The armaragor pointed at the bone-plated, crablike creature advancing slowly toward them from the archway. Serpent-priests could be seen advancing in its wake, keeping well back. "Yon's a dargauth, moving about as fast as such things can move. 'Tis like a gigantic scorpion without a stinging tail. Those two pincer-claws up front are what it slays with; they can easily crush warriors, armor and all. See the dark syrup dripping from its barbs? Smeared on… poison, methinks."

"Plague-taint," Tshamarra murmured. "Let's blast it."

Embra nodded, and they directed the full fury of the Dwaer on the crablike dargauth as they backed away, eyeing the other monster now. Blackgult's circling Stone flashed at each orbit, tugging at the fire the sorceresses of the Four were sending.

"Over here, Ladies!" Craer snapped.

Embra whirled, stabbing out with one hand, and brought the Dwaer-fire with her.
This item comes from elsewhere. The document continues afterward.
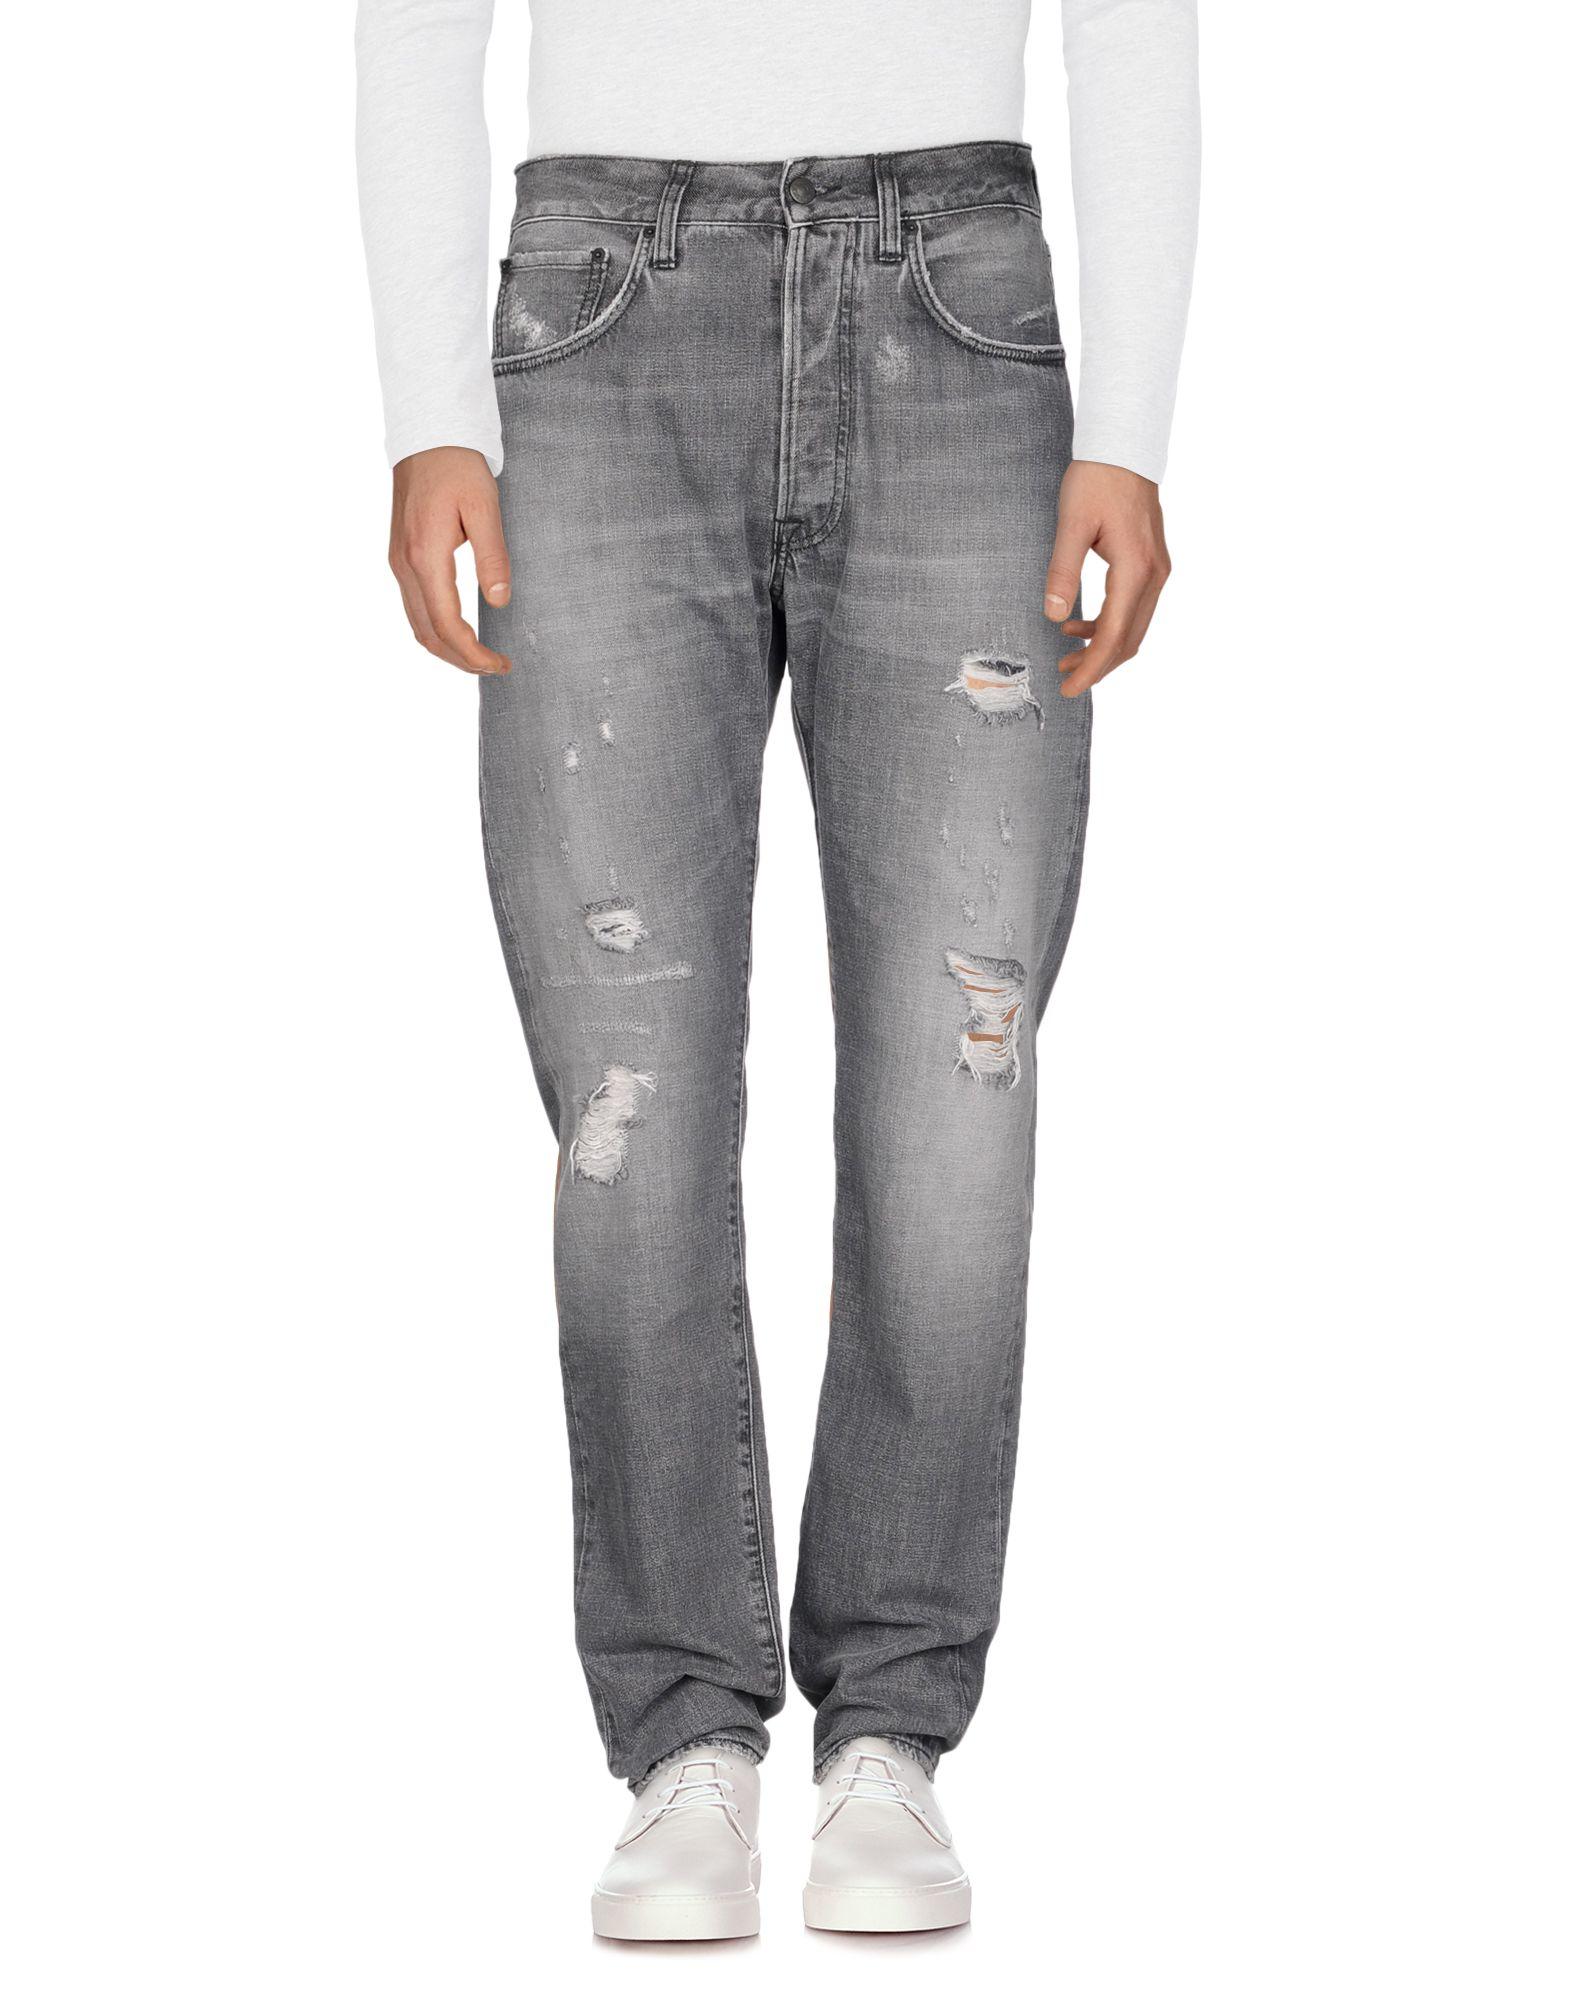 Pantaloni Jeans (+) 42683130OP People Uomo - 42683130OP (+) 852646

It washed over a handful of spellweaving Serpent-priests, setting the clinging dust cloud aflame, and seemed to struggle with a fresh gout of the soft green glow spewed by the larger, gliding monster.

Craer shook his head. "The Snake-lovers certainly seem to have made the Silent House their home. Hawk, this beast would be-?"

"A sarath of the swamps. They must have used spells to tame it, but yon green light is magic of its own, that slows prey and foes, even puts small creatures to sleep or freezes them where they stand. The spell-bolts come from somewhere amid those spines along its back, but it feeds like a score of eels: with many little fanged sucking maws on its belly. We're food to it-and it can smother, too. I've only ever seen one before."

"Charming," Tshamarra remarked, as they backed away to the very tingling edge of Blackgult's Dwaer-barrier. "Any chance of getting these two horrors to fight each other?"

"Not while the priests are controlling them," Embra replied grimly. "I'll not be surprised if both these beasts turn out to be humans twisted by the plague."

"We haven't swords enough to fight both," Hawkril rumbled. "Any swift sorcery?"

"Litde time for that, either," Tshamarra snapped, watching the beasts close in. Neither the scuttling thing nor the gliding one were moving with any haste, but they were both perhaps four running strides distant now, no more, with grinning Serpent-priests behind them.

The Dwaer flashed in Embra's hand. "Close together! Hurry!"

The Lady Talasorn looked a silent question at the taller sorceress, who replied, "I'm shielding us, just as my father did himself. I'll try to link to his barrier. If I manage it, I can bring it forward to enclose us, leaving us protected by his Stone, and free ours to smite again."

The air glowed around them, a faint, pearly radiance that visibly threw back a gout of the sarath's green glow. Both monsters clawed at the air as if it was thickening around them.

Suddenly the sarath climbed the air in front of the overdukes, whirling up on its side to drift along in front of them, underbelly raised to gnaw hungrily at nothing with its dozens of lampreylike mouths.

"Well," Craer offered, studying those questing jaws narrowly, "this certainly beats getting drenched in beast-blood and wondering if you're unwittingly hacking up all the tasty bits. I-"

There was a sudden flash and roar from behind them, and the room rocked. The Four found themselves whirling through the air, away over the sarath and the rubble of the shattered door, the air around them gleaming like a great shell of armor.